In the Middle Ages, the nation that was to give the world the full English widely skipped breakfast. Yet, by 1600, a culinary non-entity had become a key part of our daily routine. Why the change? Ian Mortimer investigates

This 14th-century miniature shows men enjoying a glass of red wine. Alcohol features prominently in medieval and Tudor accounts of breakfast. (DeAgostini/Getty Images)

This article was first published in the April 2013 issue of BBC History Magazine

Few of us in the 21st century would dream of embarking upon our days on an empty stomach, but in historical terms, breakfast is hardly noticeable. Whole books have been written about feasts and banquets, dinners and suppers. Even teatime has its place on the shelves of our social history. But breakfast? Cornflakes, muesli, bacon and eggs, continental or full English – they are almost all ignored. And they are all features of the modern breakfast, which is far more often studied than breakfasts before 1600.
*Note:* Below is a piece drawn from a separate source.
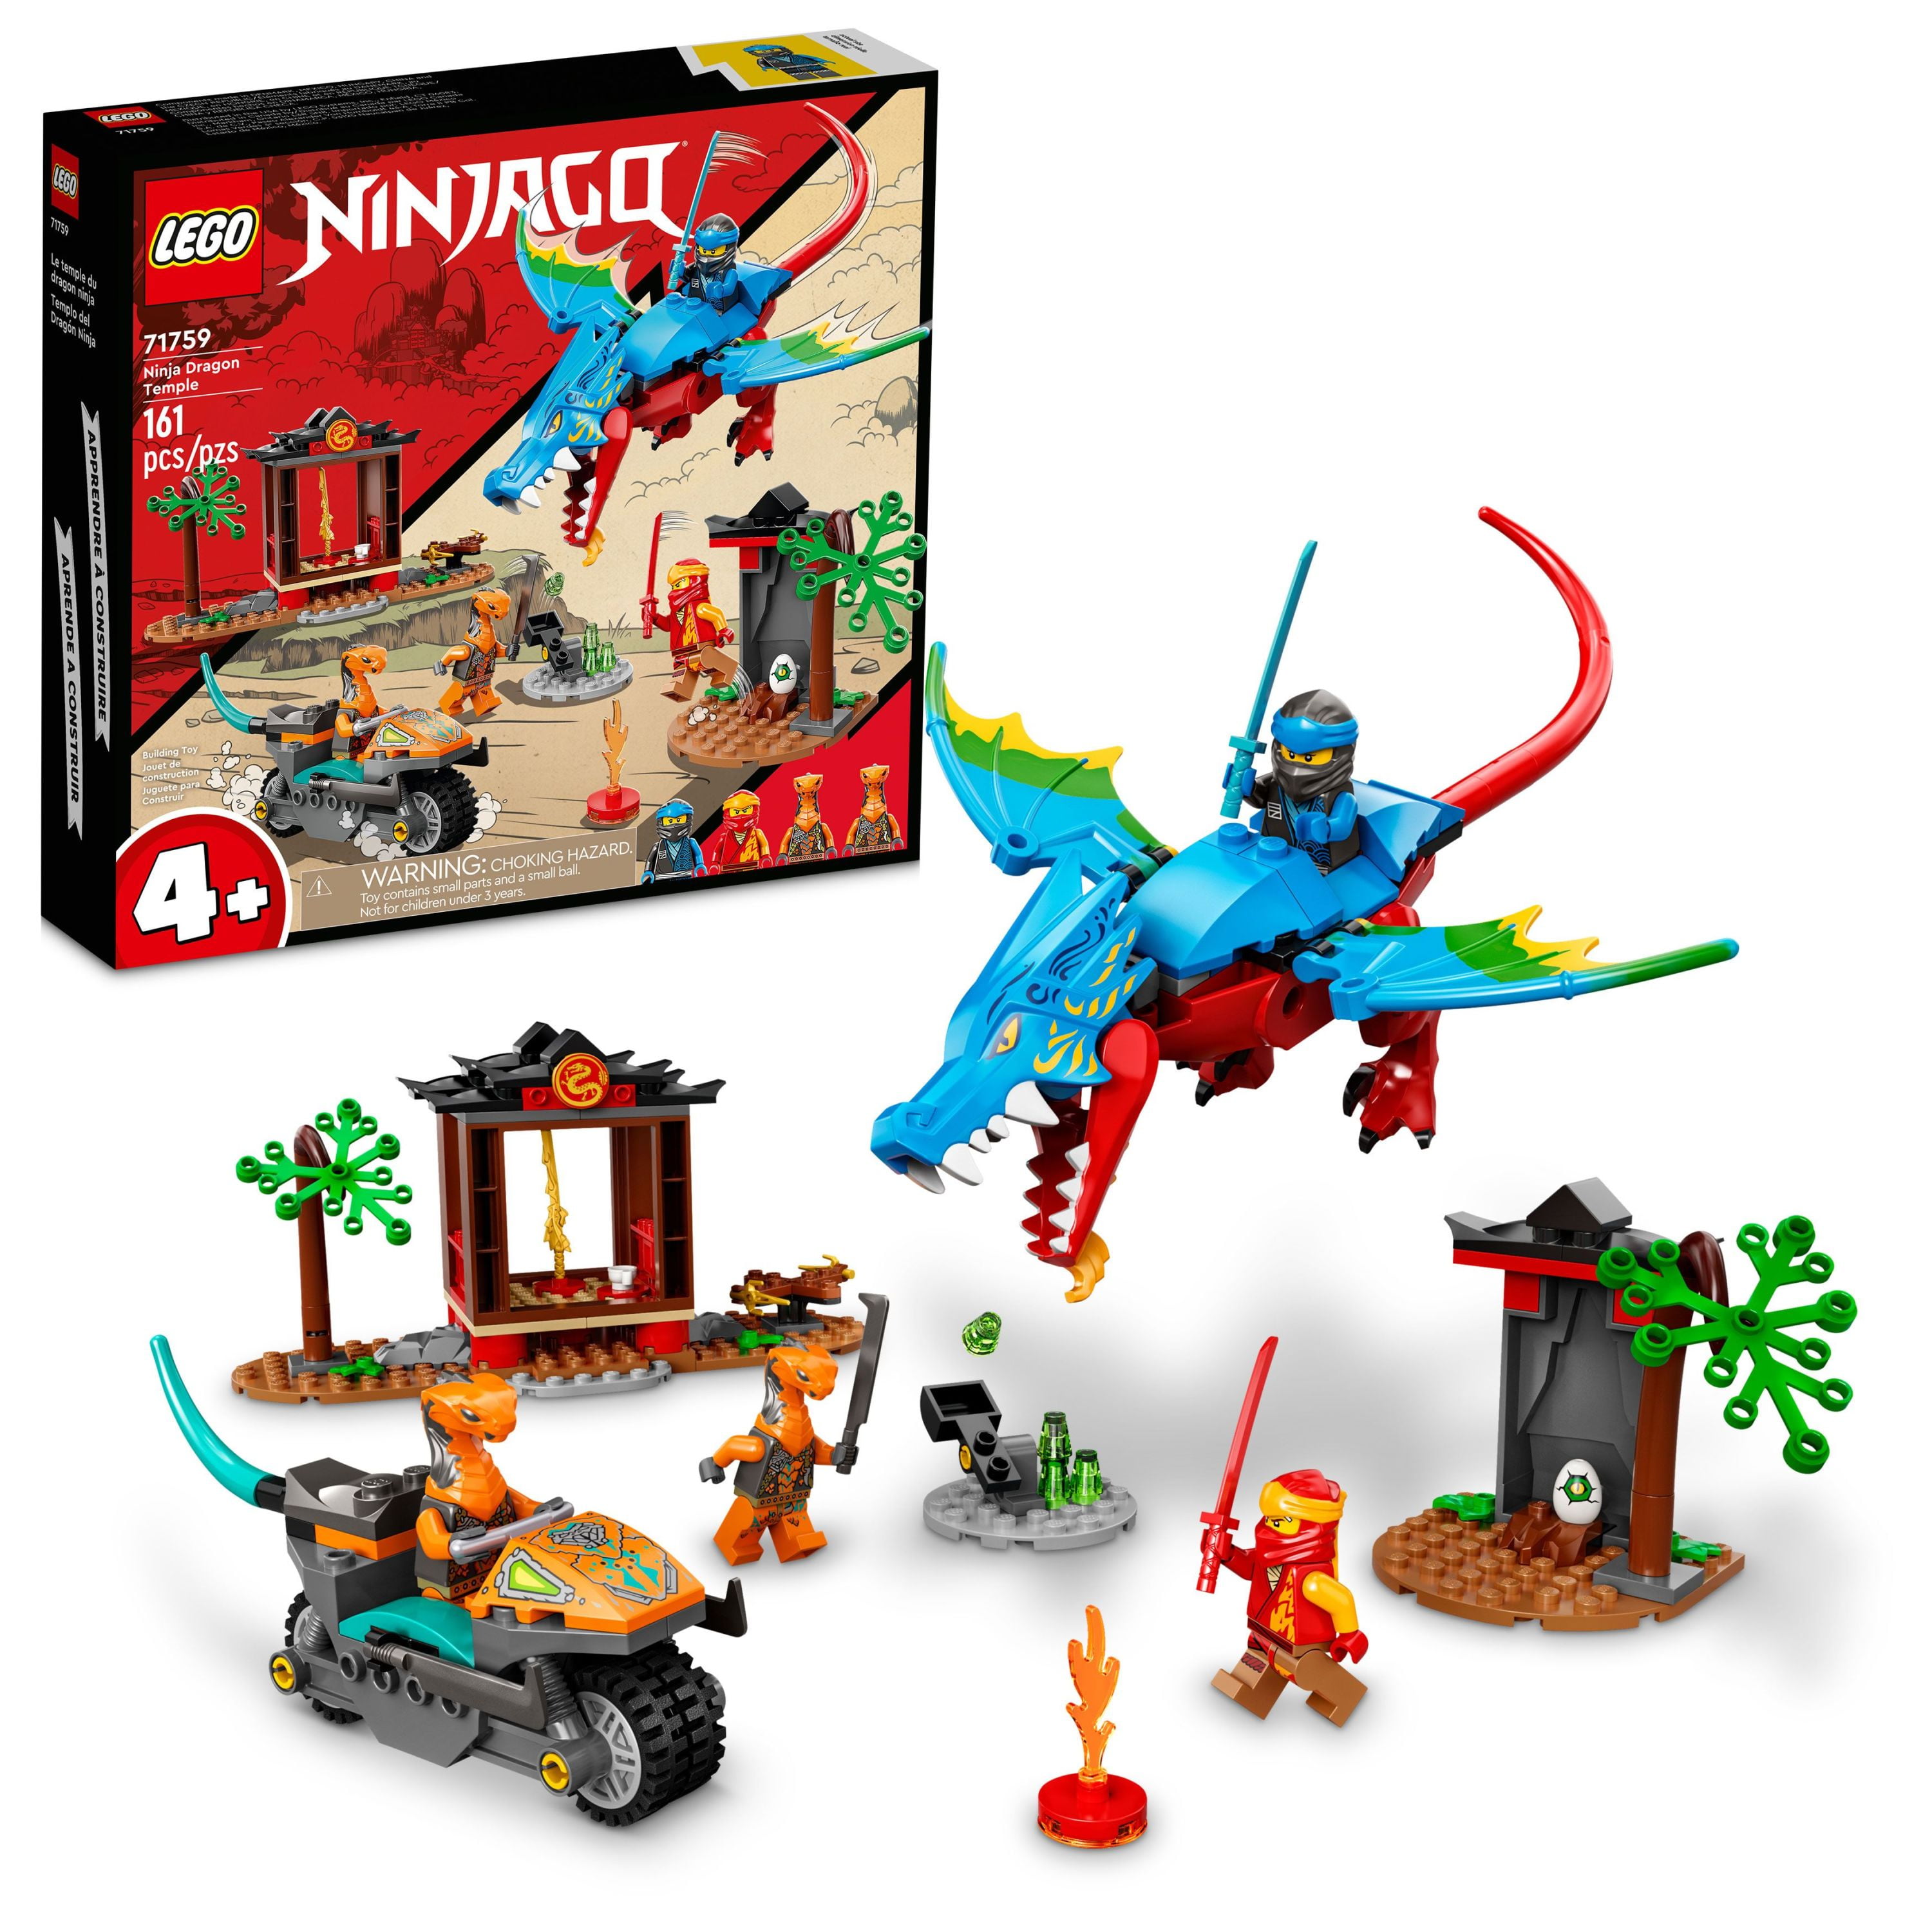 LEGO NINJAGO Ninja Dragon Temple Set 71759 with Toy Motorcycle, Kai, Nya and Snake Warrior Minifigures, Gift for Kids 4 Plus Years Old
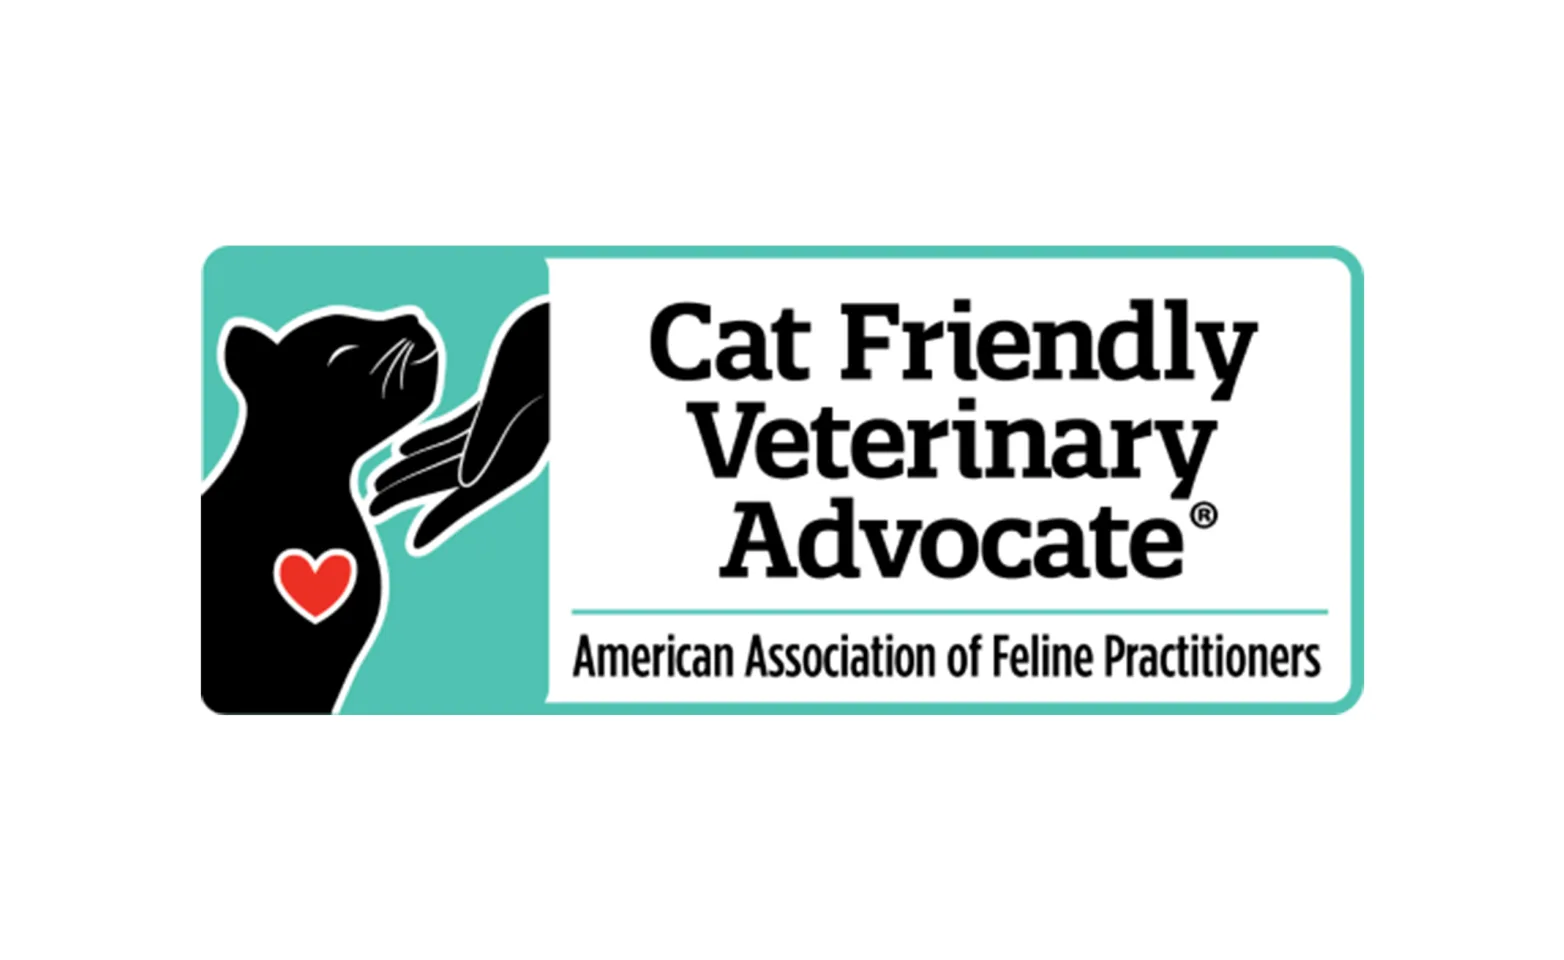 Cat Friendly Veterinary Advocate

The reason is not hard to find. Feasts and banquets have their ritual, their theatre and their sources. We can read about the tens of thousands of animals killed for a two-day visit by Queen Elizabeth because accounts had to be compiled to manage the provision of so much meat. Likewise in the medieval royal household, the feasts were occasionally described by chroniclers who witnessed the king eating in the company of his courtiers.